J.T. Sunderland, a great friend of Indian independence who worked with Lala Lajpat Rai during his stay in the United States; Kirby Page, a prominent pacifist and editor; Bishop Frederick Fisher; Upton Sinclair, the writer; Charles Frederick Weller, organiser of the Second Parliament of Religions in Chicago in 1933-34. Reverend Ely Stanley Jones, member of the Fellowship for Reconciliation; Harry Ward, a leader of the peace movement and one of the founders of the Methodist Federation for Social Action.
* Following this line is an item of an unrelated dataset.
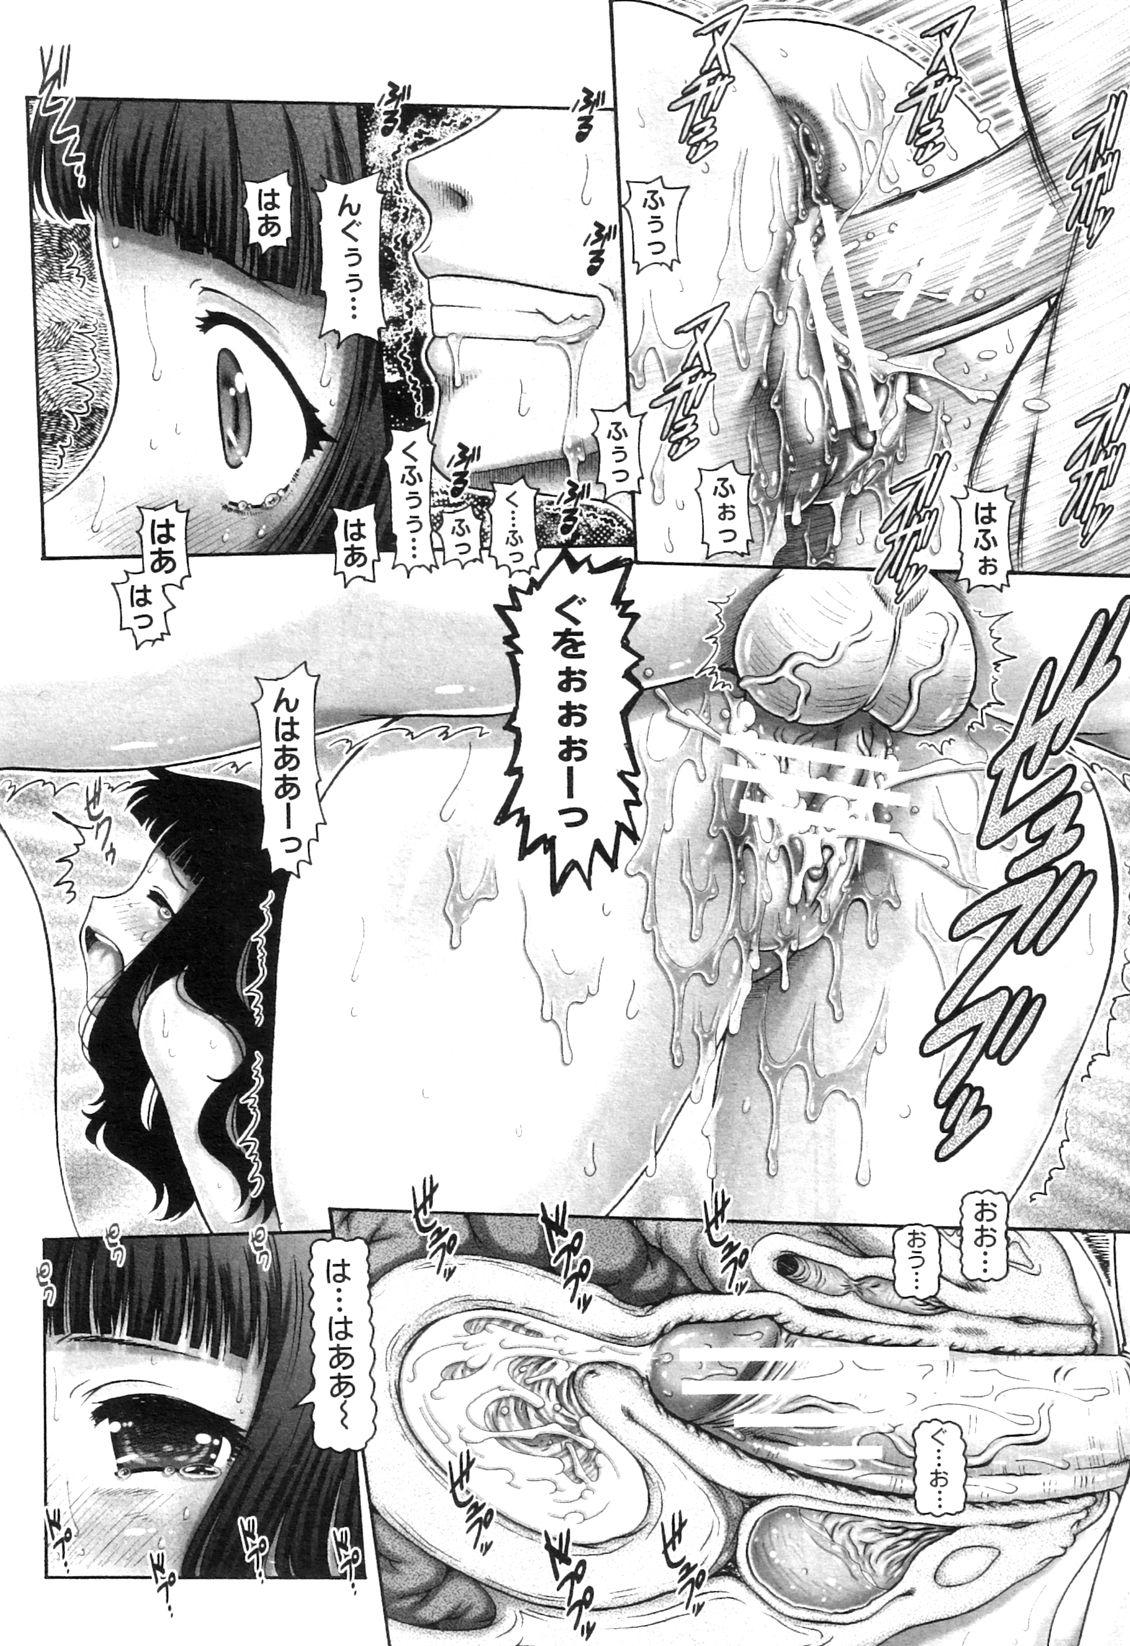 Ayakashiyakata no Tamahime 2

Samuel Stokes, a Christian missionary from Pennsylvania, joined the Indian national movement and went to prison in 1921. He later married an Indian, became a Hindu and changed his name to Satyanand - and devoted himself to the uplift of hill tribes near Simla. He developed apple cultivation in Himachal Pradesh. [His daughter became a State Minister after independence.] Richard Gregg, an American lawyer, read about Gandhiji in the 1920s and decided to go to India. He stayed in the Sabarmati Ashram for a year and then taught for a year in the school of Samuel Stokes. He wrote several books on the philosophy of Gandhiji. His book, "Power of Non-violence", became a sort of textbook for the Civil Rights Movement and other nonviolent movements. I recently read about Paul Keene, who met Gandhiji in 1939 while teaching at a missionary school in India. That changed his life. After returning to the United States, he began organic farming in central Pennsylvania. That farm - the Walnut Acres - has now expanded to more than 500 acres and is one of the biggest in organic food industry. Paul Keene has retired and still lives in Pennsylvania. I mentioned all these names - and there are many more who deserve mention - to emphasise that the observance of the Year of Non-violence in the United States is a great responsibility. It must bring together many strands in American life - and it must extend all over the country. In the process, it must not only publicise the thought of Mahatma Gandhi, but help us learn about the great influence of Gandhian thought on the United States. The Bhavan requires the active help of its members and friends - as well as other organisations - in meeting this challenge.

I hope it will receive all the cooperation it needs.